Обнял, притиснул, и – хлопнула дверь. Из кухни появилась Светка.
– Ушел? Ну и гад! – Сунулась к зеркалу, потерла пальцами вспухшие подглазья. Выругалась грязно. – Опять фонарь всплывет.
– Еще не так надо тебе вломить. – Наташка оттолкнула ее, принялась натирать щеки румянами. – Я ухожу, тебя здесь запру. Чего «не», когда Игорь велел. Сиди, думай, что наболтала, накапала.
– Господи, все велят думать! Чего тут думать, когда везде невезуха. Эх, жизнь распроклятая! Натка, выпить нету у тебя?
– В честь чего тебе такая премия – выпить?
– Да ладно, еще ты будешь воспитывать. Тошно мне, Наташка, прямо хоть реви.
– Раз тошно, и пореви. Возьми вон за диваном в бутылке грамм двести.
11
– Гражданин начальник, я ж в признанке, чо еще резину тянуть. Пускай судят, да в зону короче.
Гиря-Киряков затягивался сигаретой и жмурился, как сытый кот.
– Чего это в зону тебе так не терпится?
– Надоело в СИЗО кантоваться. Лучше вкалывать, чем так-то, в крытке.
– Работящий ты, оказывается.
– А чо? В зоне я всегда без туфты вкалываю, можете проверить.
– Проверить кое-что надо.
Мельников списывал на бланк протокольные данные Кирякова Виктора Семеновича, ранее судимого по статьям… и так далее.
– Проверить, говорю, надо, все ли ты чистосердечно…
– Да все, начальник, раскололся полностью. Разве мелочь какую позабыл, а так все чисто и сердечно.
– У таксиста Зворыкина раньше водку покупал?
– Не-е.
– У кого покупал из бомбежников?
– Они, собаки, по четвертаку за пузырь дерут, откудова у меня деньги!
– На что жил? На какие средства?
– Галька работает.
– Значит, на ее шее сидел, здоровый мужик?
– Я устраиваться хотел.
– Долго что-то хотел. С февраля, как освободился из колонии. Ну-ка вспомни, Витя, такую мелочь: кто вас с Русаковым подстрекал напугать Зворыкина?

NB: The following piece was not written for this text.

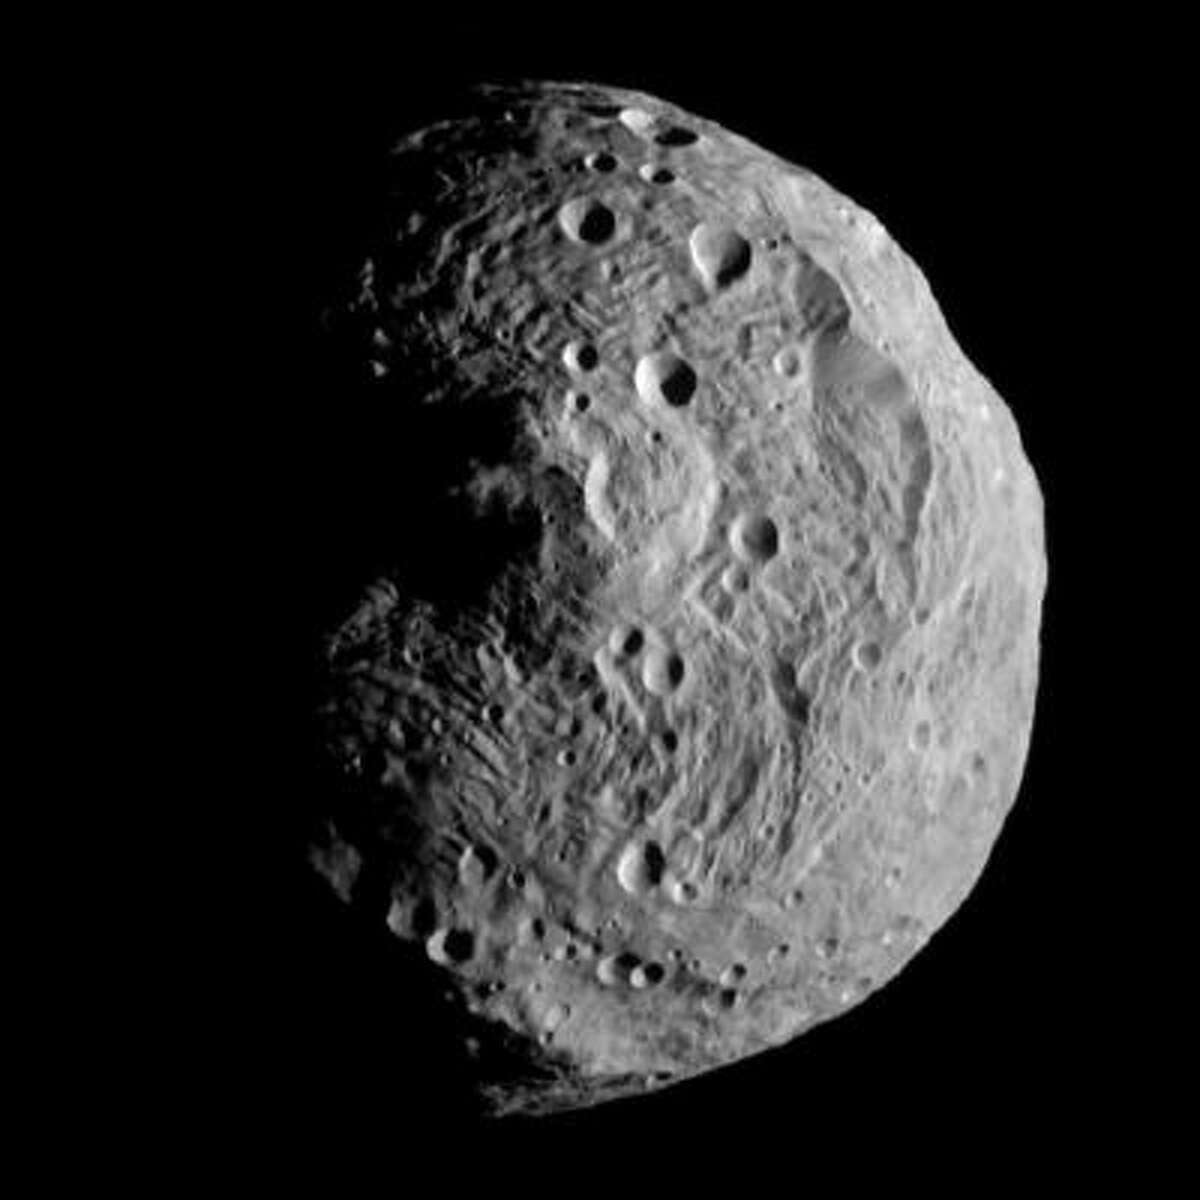 This file image released by the Jet Propulsion Laboratory on Monday, July 18, 2011 shows an asteroid photographed by the Dawn spacecraft on July 17, 2011.

– Никто. По пьянке вышло. Надо было еще выпить, денег нету…
– А кто предложил избить Мамедова?
– Чо-о? Какого Мамедова? Не знаю такого.
– Память у тебя слабовата? Напомню. Вы с Гусаковым и с… с кем еще, лучше бы ты сам назвал… поехали в «Жигулях» от кинотеатра «Россия» в лес, там уже стояла другая машина. Вышли и стали избивать человека. Потом оставили его, лежащего без сознания, и уехали. Произошло это седьмого апреля. С вами в машине находились две женщины, Наталья Вепрева и Светлана Жукова. За рулем Игорь Корнев. Раз уж ты решил давать чистосердечные показания, так расскажи подробно, как все происходило.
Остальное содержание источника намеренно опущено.